The creature dropped to the ground. The crowd above him went totally silent. A single ration dollar fell downward, seesawing through the humid air.
The zom twitched. One kick of the leg. A tremble of its fingers. Chong growled deep in his throat and hit it again. Harder. This time the crunch was wetter.
The zom stopped moving.
The crowd… went wild. Cheers and applause.
Chong lowered the pipe and looked up at the crowd. The Burned Man crouched on the edge of the pit, grinning like a ghoul.
“Well, well… I’ll be double damned,” he said. “Folks, it looks like we got us a bona-fide zombie killer. Yes sir, that’s what we have here.”
The crowd cheered. Fistfuls of money flashed back and forth. “Give him another!” someone shouted, and instantly the chorus was picked up until everyone was yelling it.
“Okay, okay!” laughed the Burned Man. “Customer’s always right. Nestor? Crab? Bring us another gladiator. Let’s have something really fresh.”
The two assistants wore wicked smiles as they vanished. Betting ramped up until the oddsmaker had to yell at the crowd, “Give me a bloody chance to count, damn you!”

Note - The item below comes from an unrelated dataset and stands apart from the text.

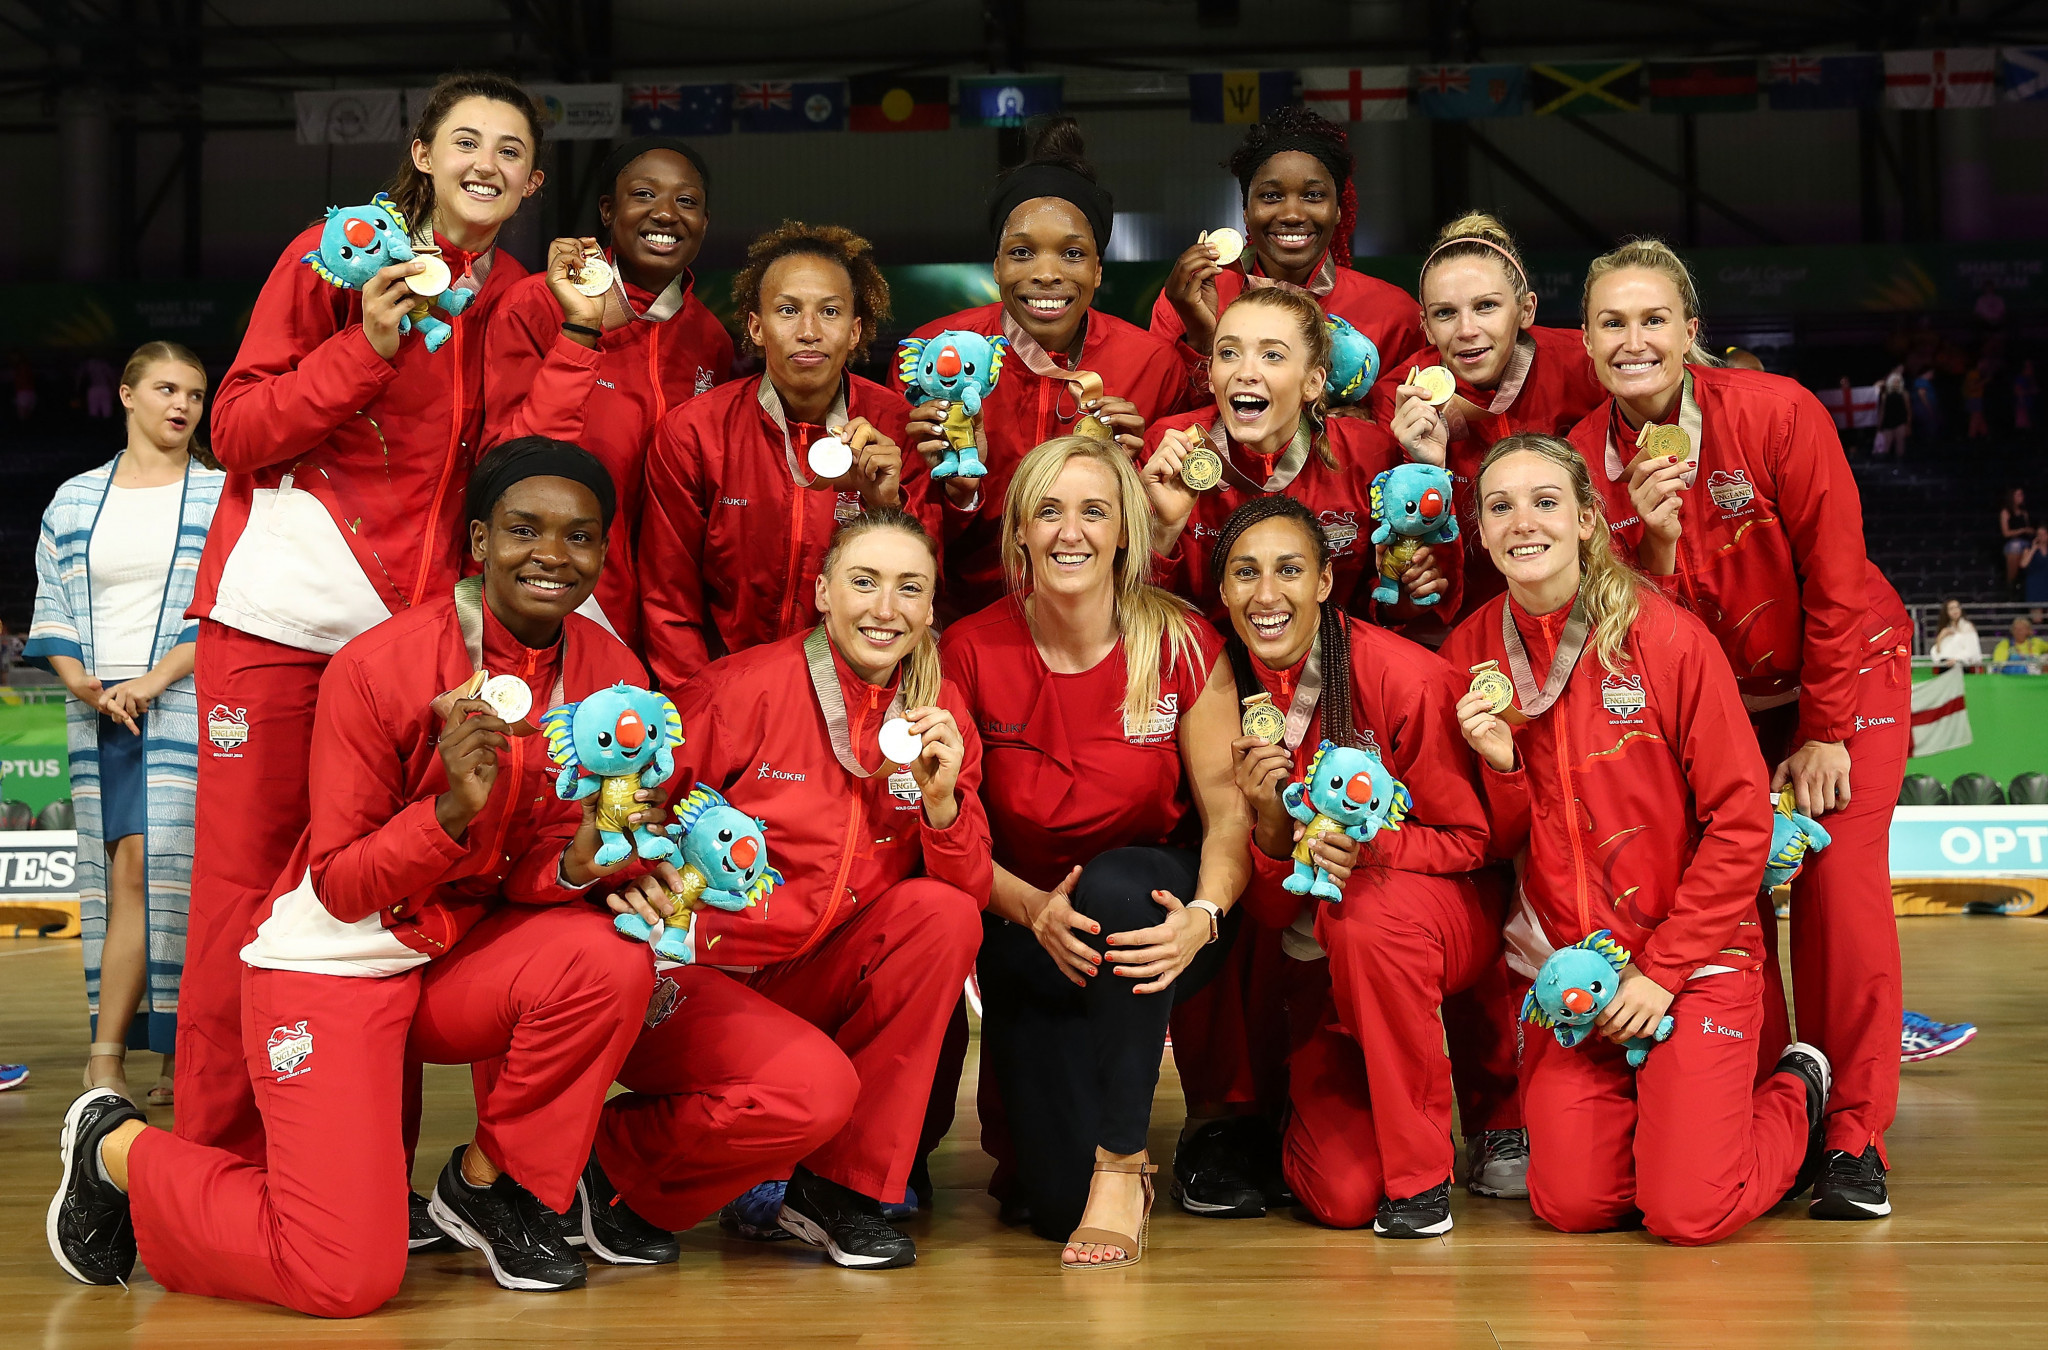 Hosts England are set to defend their Commonwealth Games netball title, having triumphed for the first time at Gold Coast 2018 ©Getty Images

Chong tried not to shiver. In truth he was no longer cold, but he trembled from hair to toes as he waited for the next monster. A shadow obscured the opening, and he looked up sharply to see the long boom of a wooden crane swinging out over the edge. A figure dangled from the pulley, thrashing and twisting. A rope had been looped under its arms, and once it was down, the rope would fall away and the zombie would be free.

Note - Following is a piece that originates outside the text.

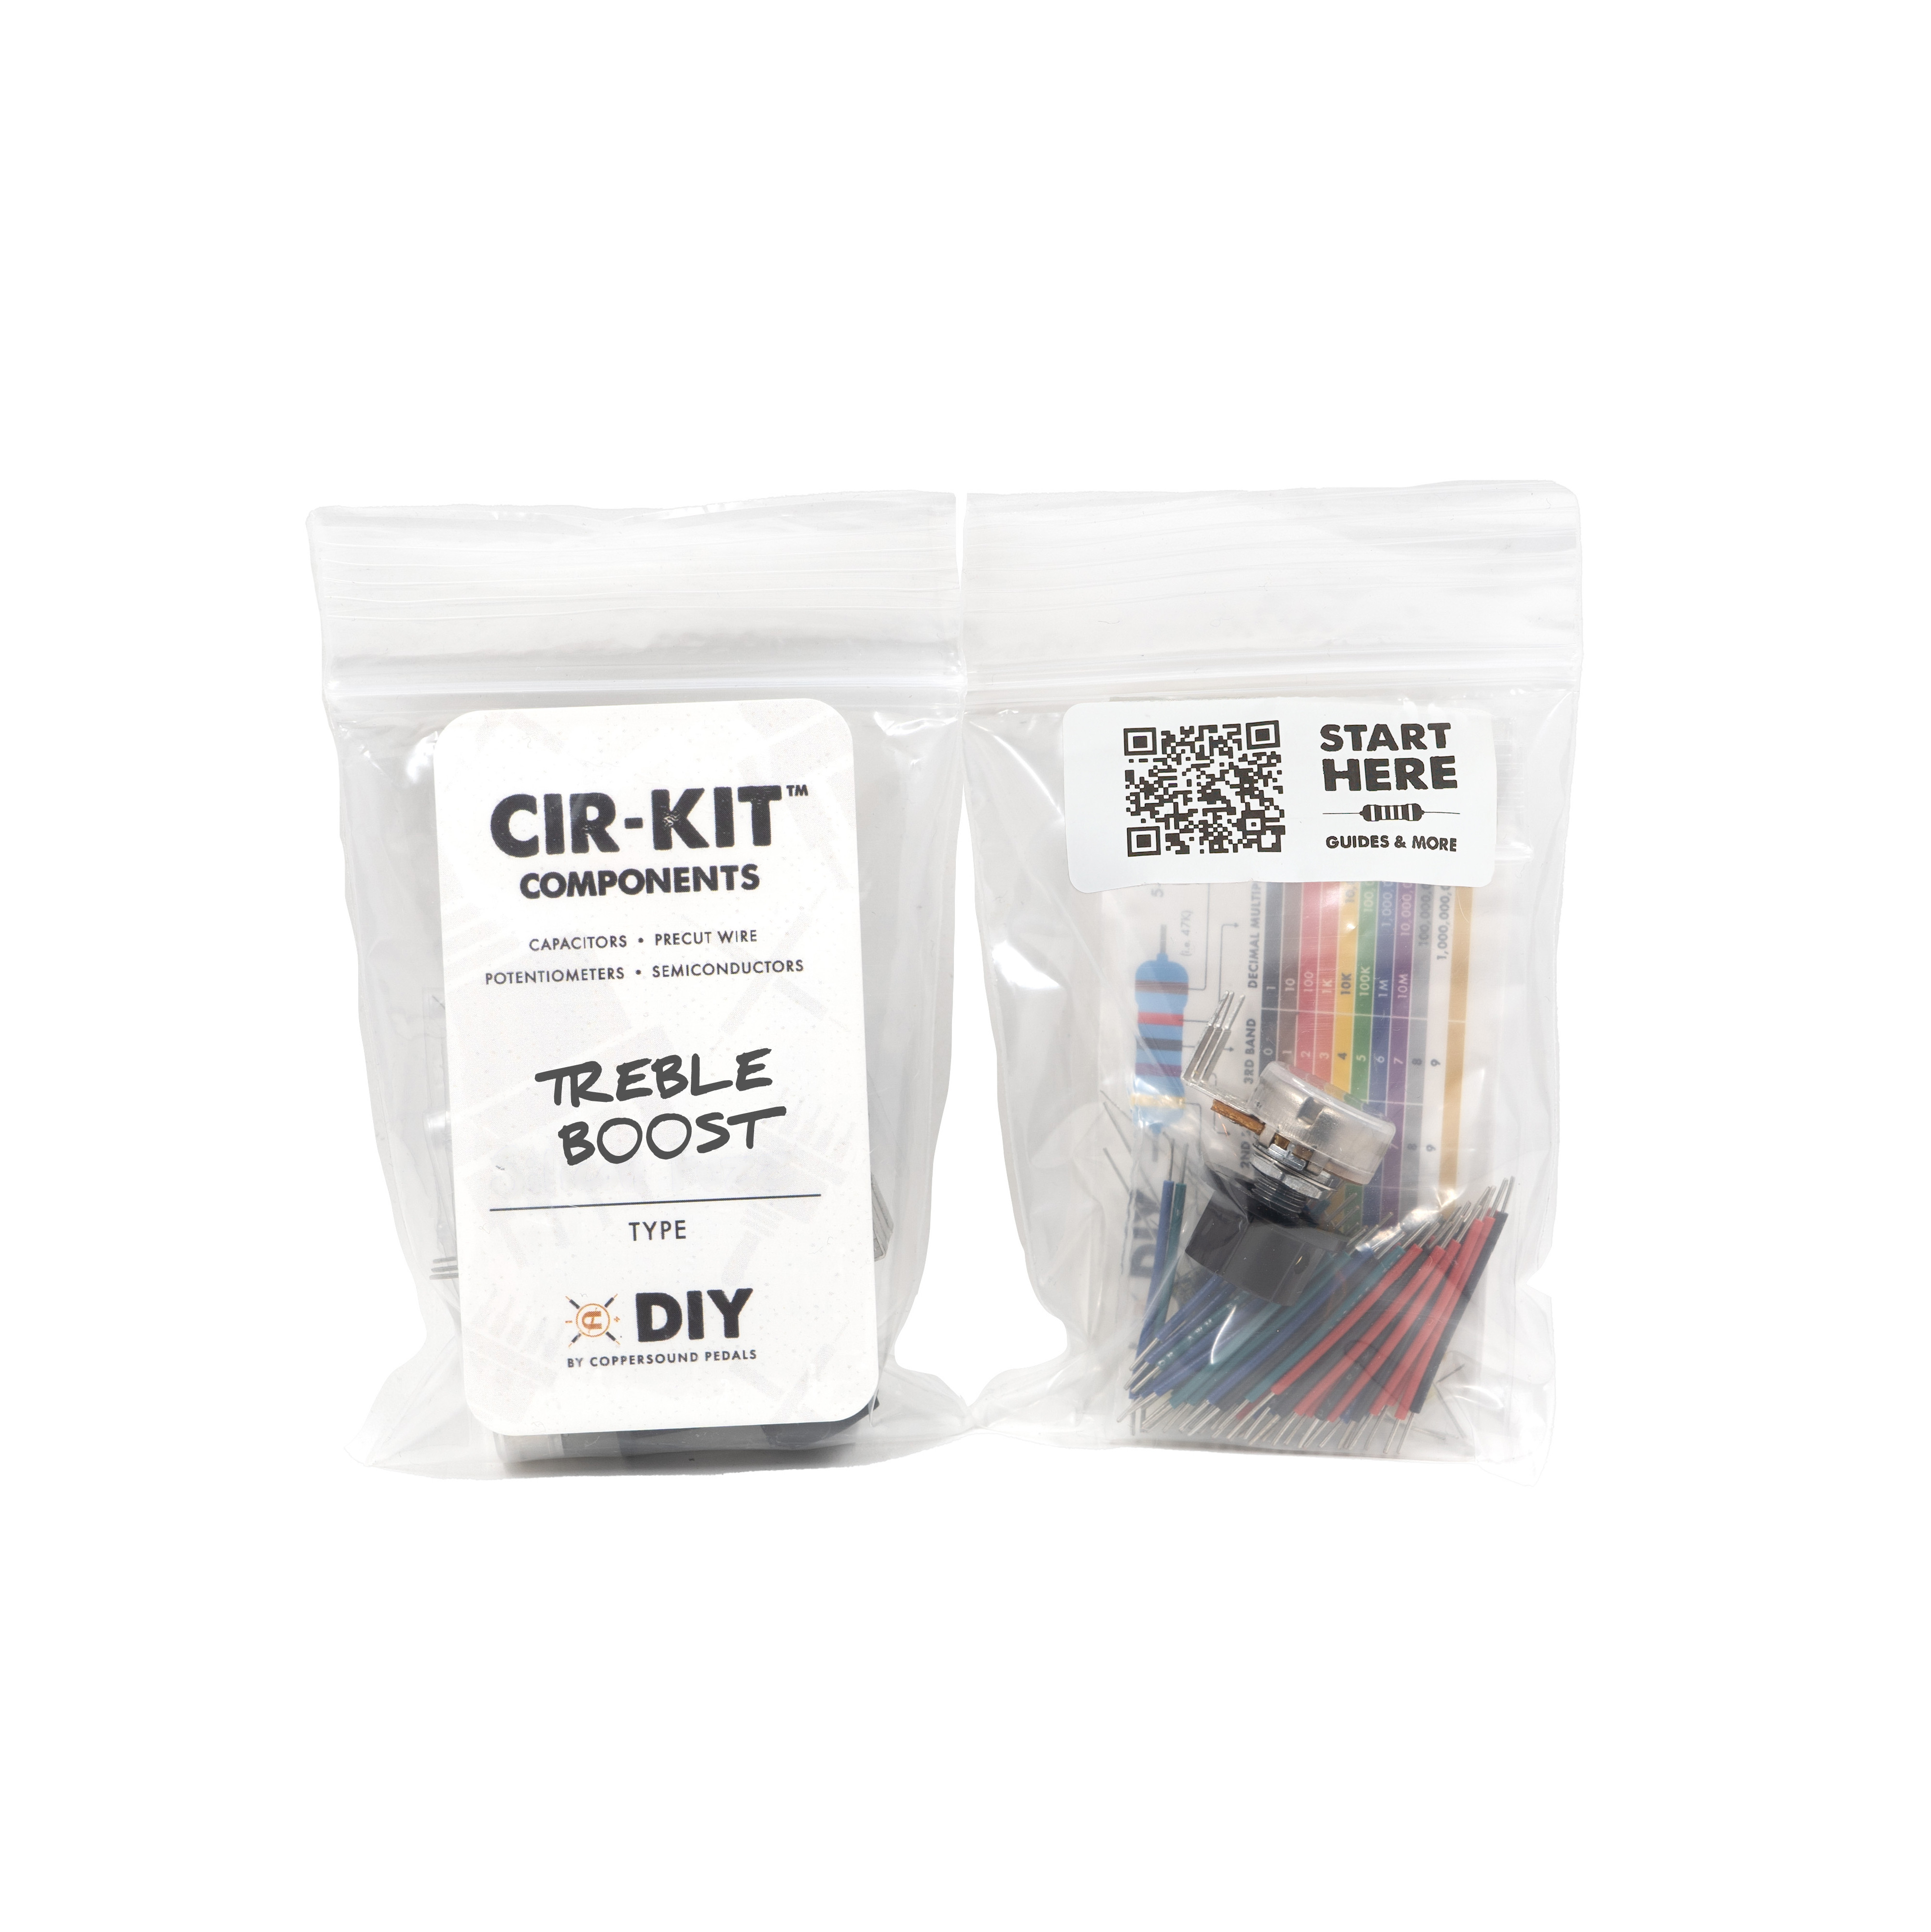 COPPERSOUND Treble Boost Cir-Kit Component Bag

The Burned Man leaned over the edge. “We don’t want to damage the goods a second time,” he said, and the comment drew a fresh wave of harsh laughter.

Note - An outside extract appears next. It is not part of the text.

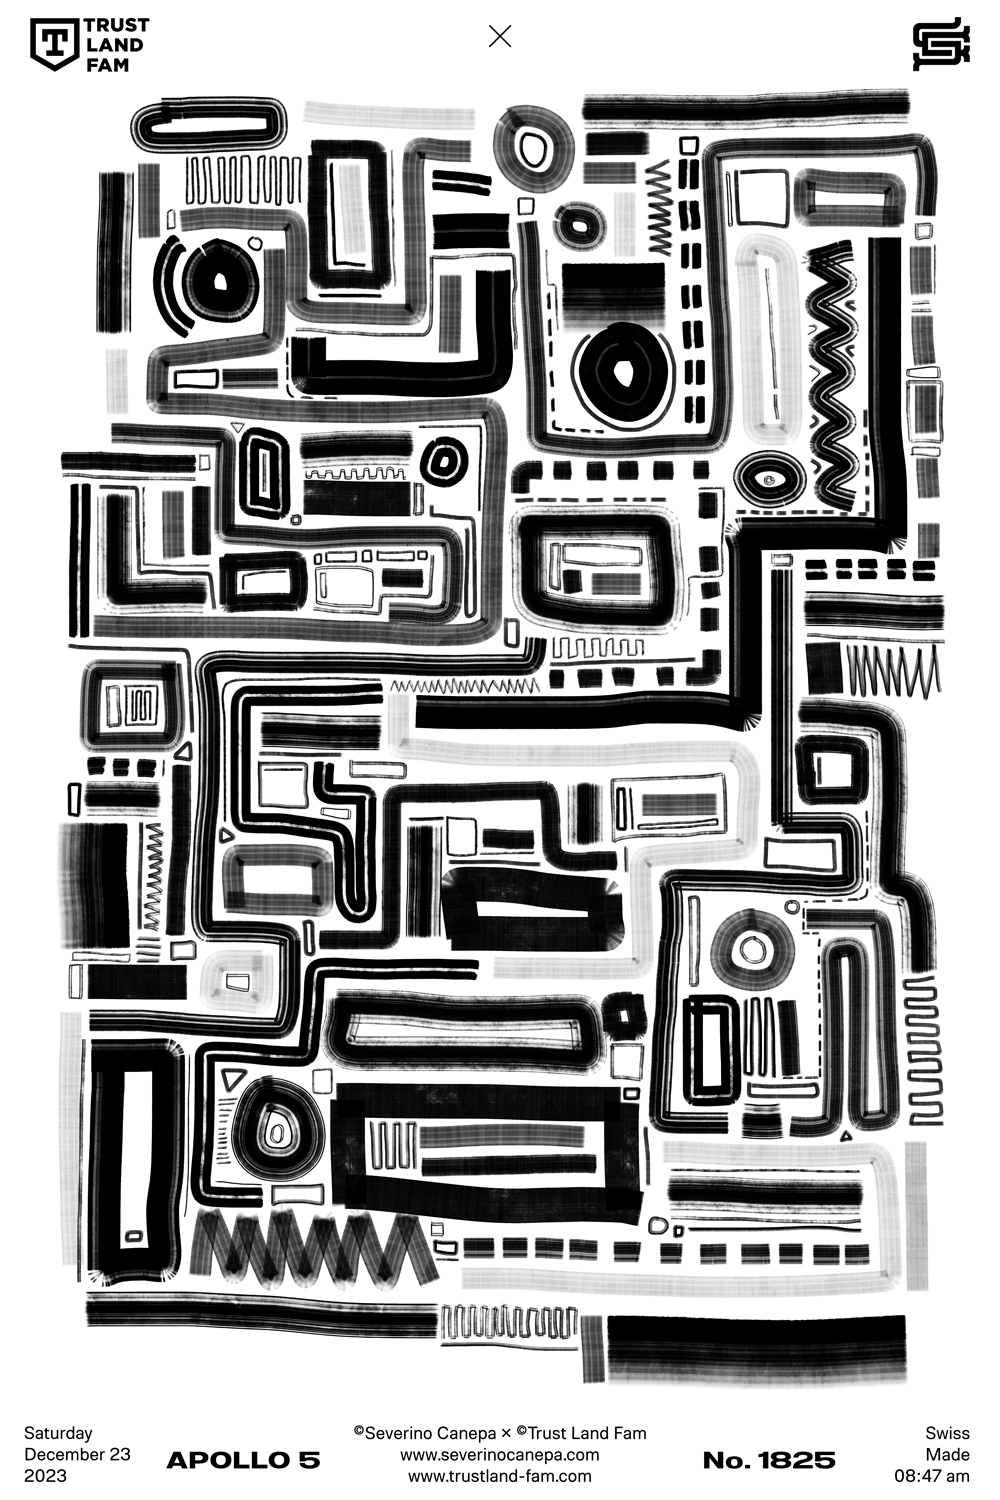 Abstract visual art made of shapes made with marker brushes

Nestor and Crab turned the winch, and immediately the thrashing zom began descending into the fighting pit. Chong backed to the wall. This zom was massive. Burly, like a bull wrangler or one of the pit throwers back home. Huge chest and stomach, massive arms, almost no neck, and eyes that blazed with dark fire. His skin showed no signs of putrefaction. He hadn’t been dead for very long.
What had Tom told him about the newly risen? They seemed smarter. They were stronger and a little faster. More coordinated. The decay of their motor cortex hadn’t yet reduced them to staggering scarecrows.
Chong gripped the pipe and licked his lips again. “Warrior smart,” he muttered.
“Let ’er go!” ordered the Burned Man. Crab and Nestor jerked the rope from around the big man’s body and whipped it up and through the pulley. The zom dropped the last few inches and landed heavily on its feet.
The creature was immense. Maybe six foot five and at least three hundred pounds, even with no blood left in its veins. Chong was five-eight and weighed 130.
The zom landed facing the opposite side of the pit. Chong had one chance to rush in and bash it with the club. He surged forward, but before his first step touched down he was struck full in the face by a bucketful of icy water. It was so shocking, so surprising, that it stopped him like a punch to the face. Coughing, sputtering, gasping, Chong dropped the pipe and staggered backward, thumping hard into the wall. He pawed water out of his eyes and looked up to see the Burned Man holding an empty bucket.
“Got to make things fair, little man,” he said amid shrill laughter and catcalls.